My husband found out he is gluten intolerant a little over 3 years ago. Remembering all of his symptoms, and researching on the subject a bit more, I decided that I must be gluten intolerant as well. So, I went completely gluten free, which was totally easy, and lasted about 1.5 weeks before my sister had “taco night” while my husband was out of town working, where I caved and had a beer and some chocolate cake, among other gluten-full bits of foods. I only made it halfway through the beer before I poured out the rest because I felt like my stomach was about to blow up. I made myself eat a hard shell taco, because I didn’t want to get the stink-eye from my sister for not eating her awesome tacos, (ha!) and then tried to eat a few bites of chocolate cake, but could have no more. I kept feeling like I had to “go”, but nothing would happen. Just lots of trips to the bathroom with nothing happening except pain and frustration.
My stomach was killing me. I packed my little boy up and made my way home. Somehow, I miraculously got him in bed and asleep before projectile vomiting out the back door because I could not make it to the bathroom in time. Seriously. That was it. I thought, for sure, I am gluten intolerant and have not touched it since. At least, not on purpose. A couple of weeks later, on my birthday, I get a call from my frantic sister telling me that our dear Uncle from back home in Texas was admitted to Hospice. He had previously been diagnosed with ALS 5 months prior, and had gotten much, much worse way quicker than we all thought he would. He was completely paralyzed from head to toe, but we were told that he was still there, aware of everything. Could you imagine a worse hell?
Anyway, we got to see him, and that is another story for another time. My point for this blog post is what happened on my trip to Texas that had be thinking more about my own gut. I ate a lot of Mexican food, because it is my favorite, of course, and every time I go home, I have to have it.
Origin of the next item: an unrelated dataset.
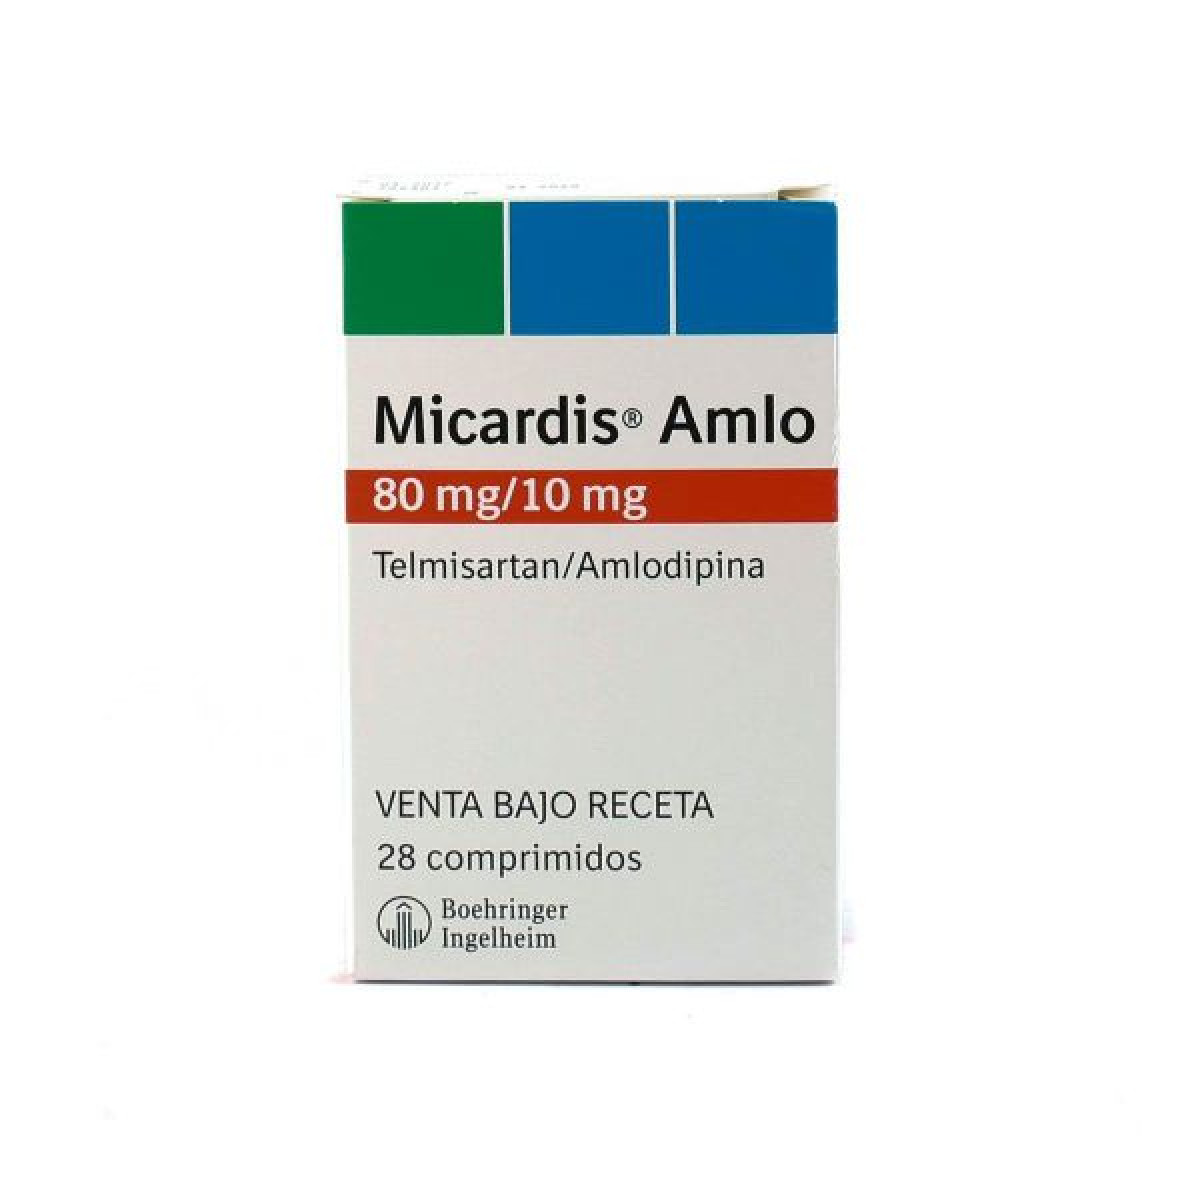 MICARDIS AMLO 80/10 MG X 28 COMP

All of it. Oh my poor stomach was so happy/sad. It didn’t know what to think. On our way home, we stopped in New Orleans for the night. Had some fantastic ribs and other gluten free foods for dinner, and the next late morning we had oysters (which I realized later, were glutened) and fries. And then I had a bag of doritos in the car about 3 hours before I got home. That night, I projectile vomited off of the porch because I knew that I would not be making it even to the back door. I didn’t even make it to the edge of the porch. Serious business. I thought for sure that I had just been stupid and not realized that I had eaten gluten. Stupid cajun food. I definitely have not eaten gluten since then. I am not a fan of things uncontrollably coming back up.
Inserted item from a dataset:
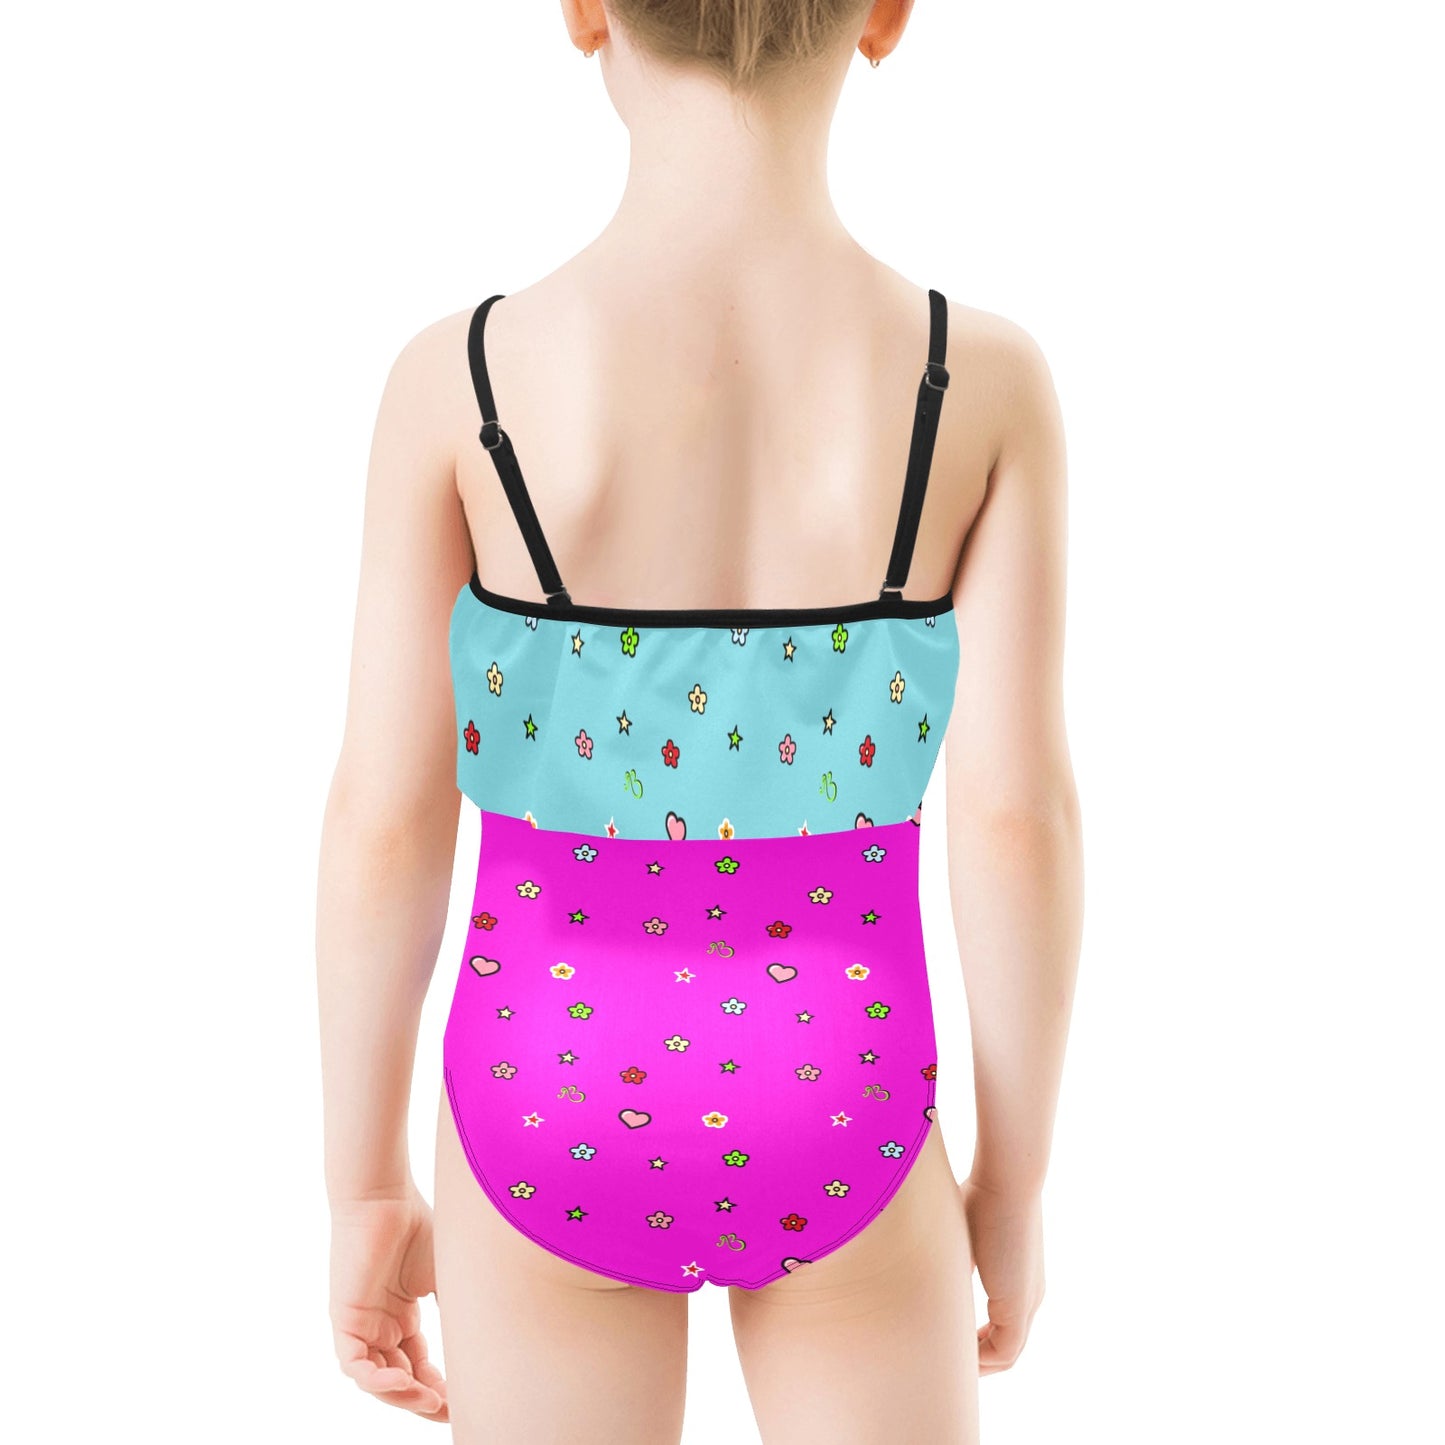 AfriBix Love Heart Girls Ruffle Kids Swimsuit - Pink and Blue

But…. all of the other symptoms were still around. And my body HURT more than ever. It was hurting so badly, I felt like I was aware of every single bone from the top of my skull to my toes. I was walking like a 90 year old woman when I first woke up every morning. I felt like my feet were breaking with every step I took toward the bathroom! And, for the rest of the day I had radiating pain in my arms and across my shoulder blades that would never go away no matter how much ibuprofen or aleve or tylenol that I took. It was more than gluten. It had to be something else as well. What was it?